(THE DATA)

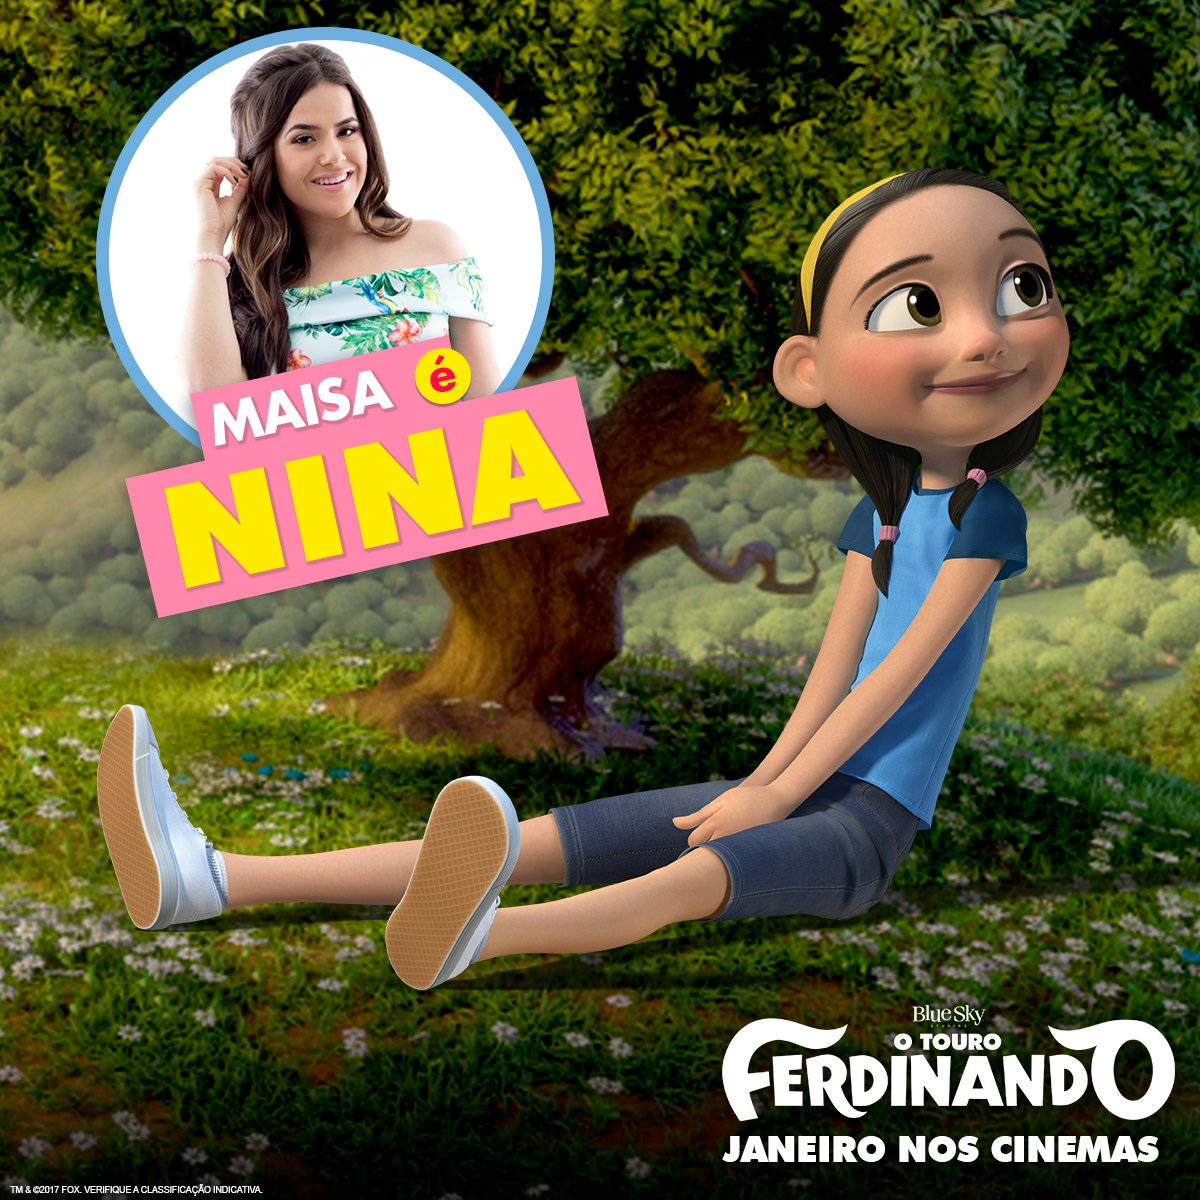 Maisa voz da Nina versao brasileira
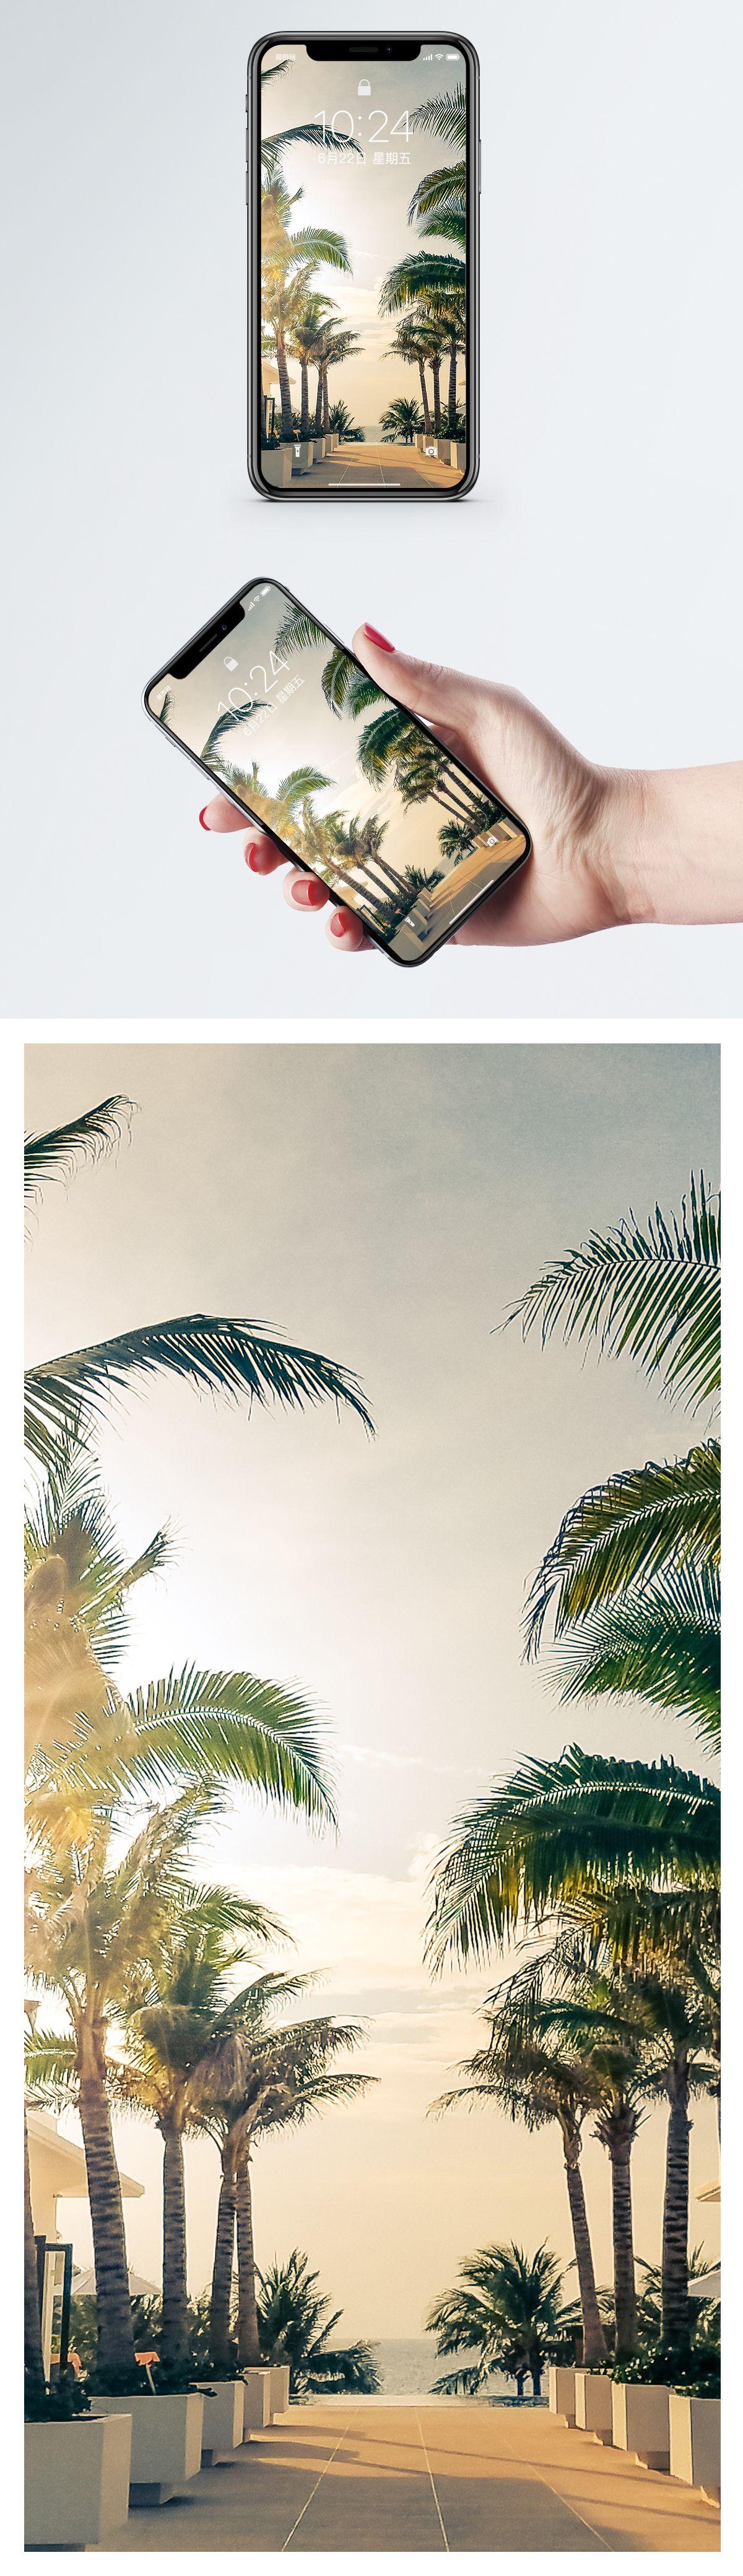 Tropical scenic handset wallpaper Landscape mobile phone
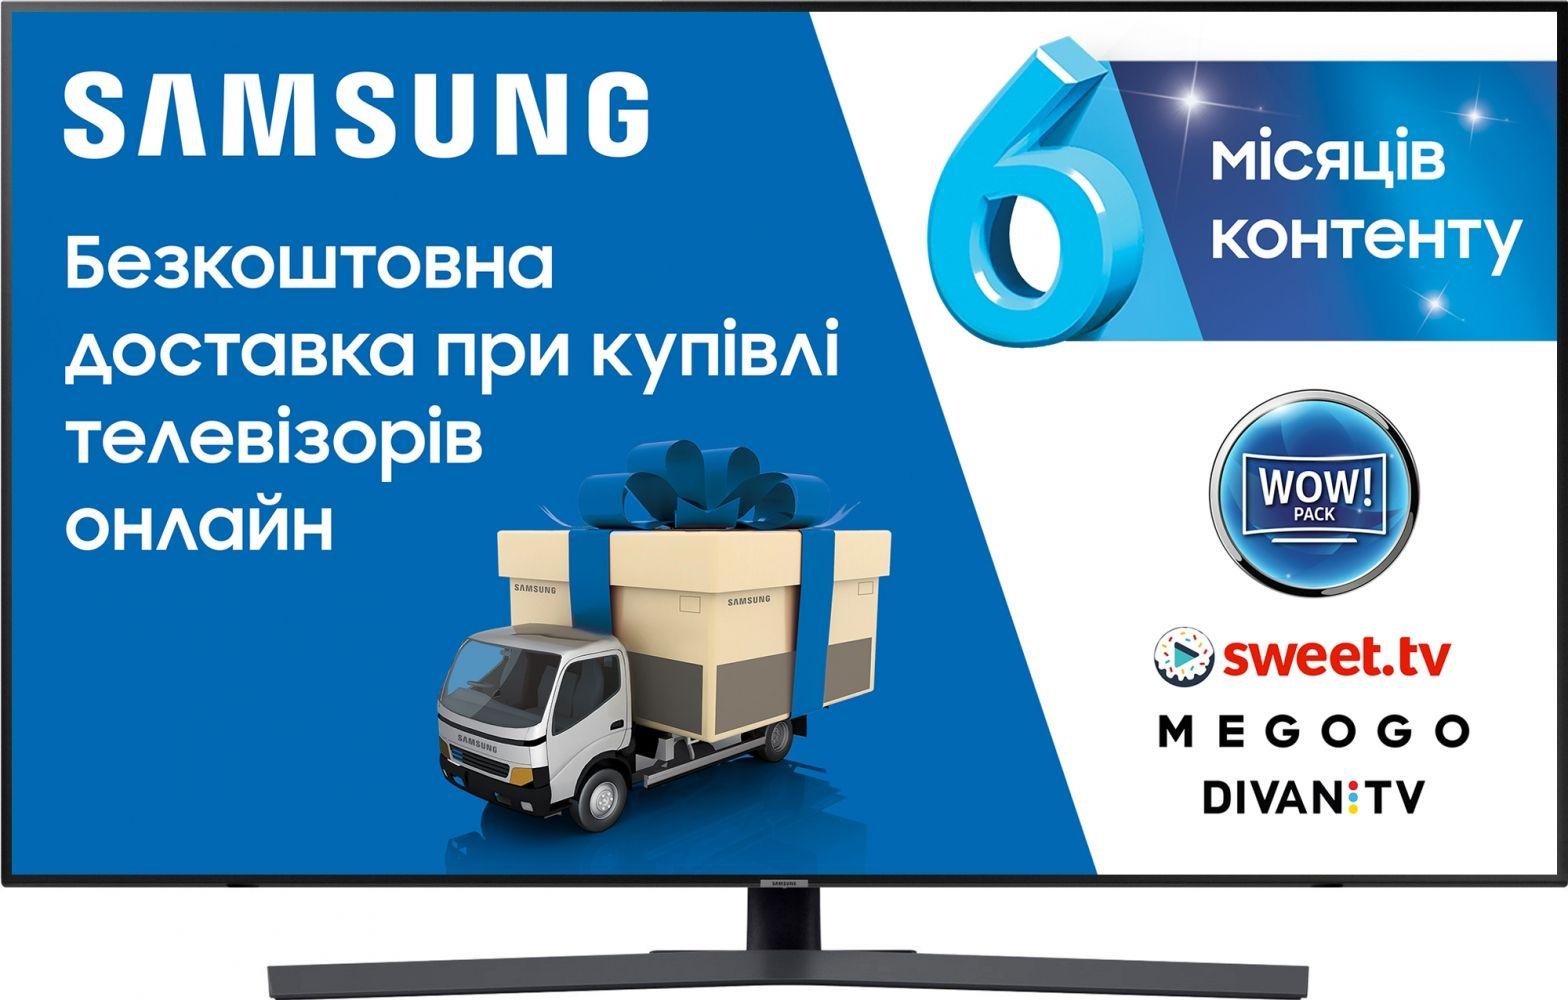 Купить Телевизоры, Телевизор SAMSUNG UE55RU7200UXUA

(End THE DATA)

**DESCRIPTION OF THE TASK:** Repeat each line of the material exactly, please, and skip every picture.

**RESULT:**
 Maisa voz da Nina versao brasileira
 Tropical scenic handset wallpaper Landscape mobile phone
 Купить Телевизоры, Телевизор SAMSUNG UE55RU7200UXUA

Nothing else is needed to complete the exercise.